Когда же к джентльменам вновь присоединились дамы, Шарлотта оказалась рядом с Валериусом и снова слушала его. Шел общий разговор о ростовщичестве. Присутствовал здесь и Карсуэлл. Шарлотта надеялась, что эта тема как-то затронет его эмоционально, а ей даст возможность еще что-то подметить в нем, но судья очень скоро ушел. Разговор незаметно перешел на состояние мировых финансов.
— Ростовщичество все еще процветает, — с жаром утверждал Валериус, удерживая внимание Шарлотты, хотя ее едва ли интересовала эта тема. — Мощная промышленная держава делает вклады в небольшую отсталую страну, являющуюся частью империи, — например, в Африке. — Он наклонился к ней, лицо его было сурово от охвативших его чувств. — Народ этой страны начинает процветать, поскольку у многих появилась работа.
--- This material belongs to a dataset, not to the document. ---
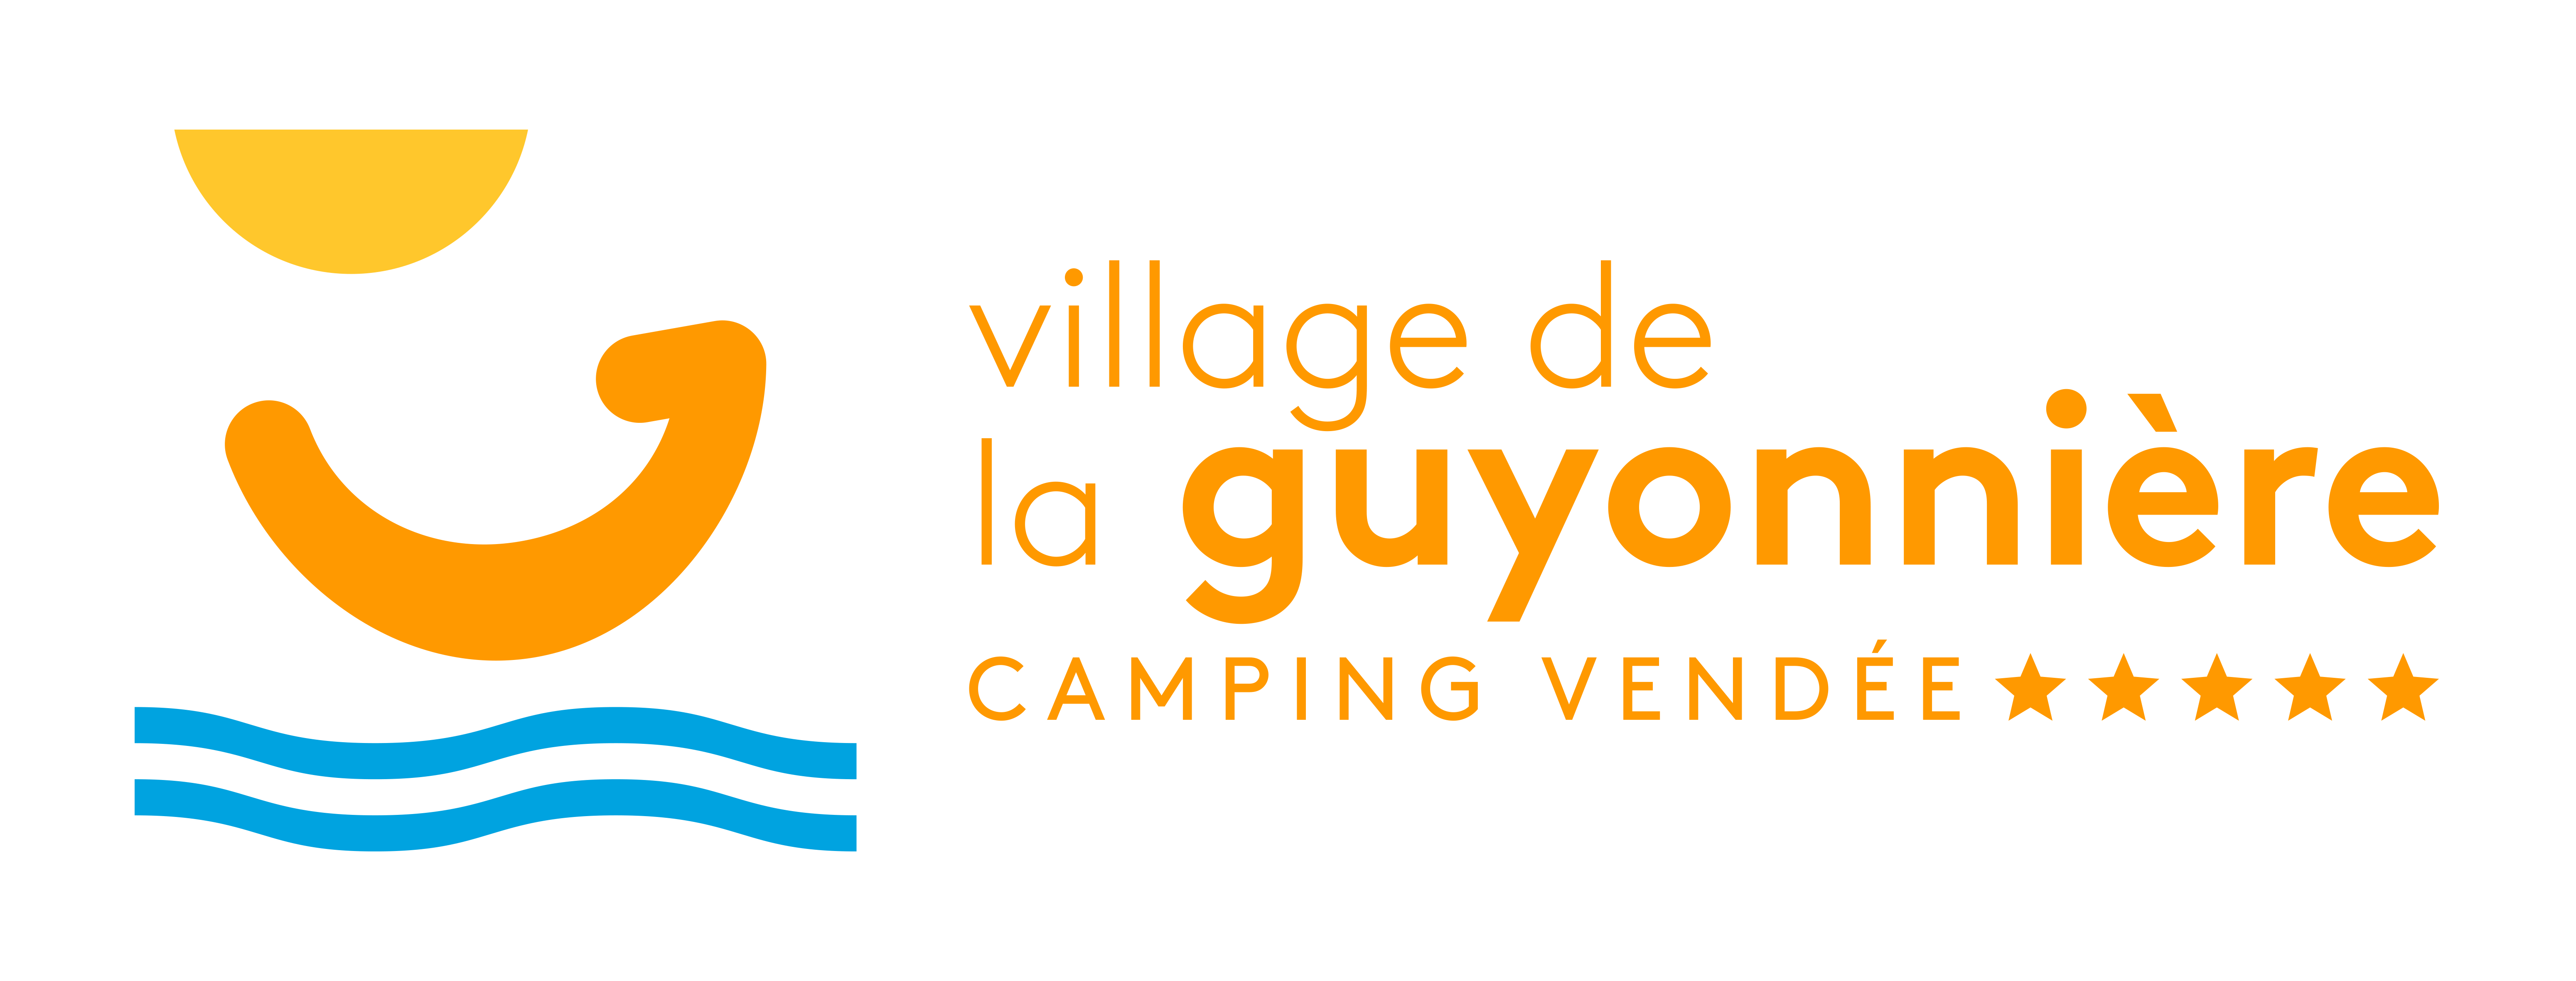 Village de la Guyonnière

Они могут теперь продавать плоды своего труда и взамен покупать не только самое необходимое, но и предметы роскоши. Вскоре у них появляется вкус к такой жизни, а с ним и зависимость. Она может существовать в виде потребности в сырье или в машинах и оборудовании для новых отраслей промышленности.
Шарлотта не видела связи между презренной деятельностью ростовщика и тем, о чем говорил Валериус. Он, должно быть, понял это по ее лицу и с еще большей горячностью продолжал, повысив голос, словно требовал ее полного внимания:
— Метрополия расширяет свою деятельность в стране, обещает выгодную торговлю. Зависимая маленькая страна соглашается. Уровень жизни резко поднимается. Невиданная доселе роскошь становится доступной многим.
— А разве это плохо? — Шарлотта искренне пыталась понять суть вопроса, и гнев Валериуса озадачивал ее.
— Страна становится зависимой от промышленности и тех, кто ею управляет. — Увлеченный, Питер совершенно забыл, где находится. Прошедшая мимо Оделия задела его локтем и шуршащими юбками, но он не заметил; она извинилась, Валериус не слышал. Он совсем близко придвинулся к Шарлотте. — Неожиданно резко меняются цены. За свои товары маленькая страна получает несравнимо меньше, но сырье ей продают по высокой цене. Проценты за ссуду возрастают. Маленькую страну ждут трудности. Уменьшается прибыль, а расходы на поддержание производства слишком обременительны. И тогда ничего не остается, как обращаться к ростовщическому капиталу.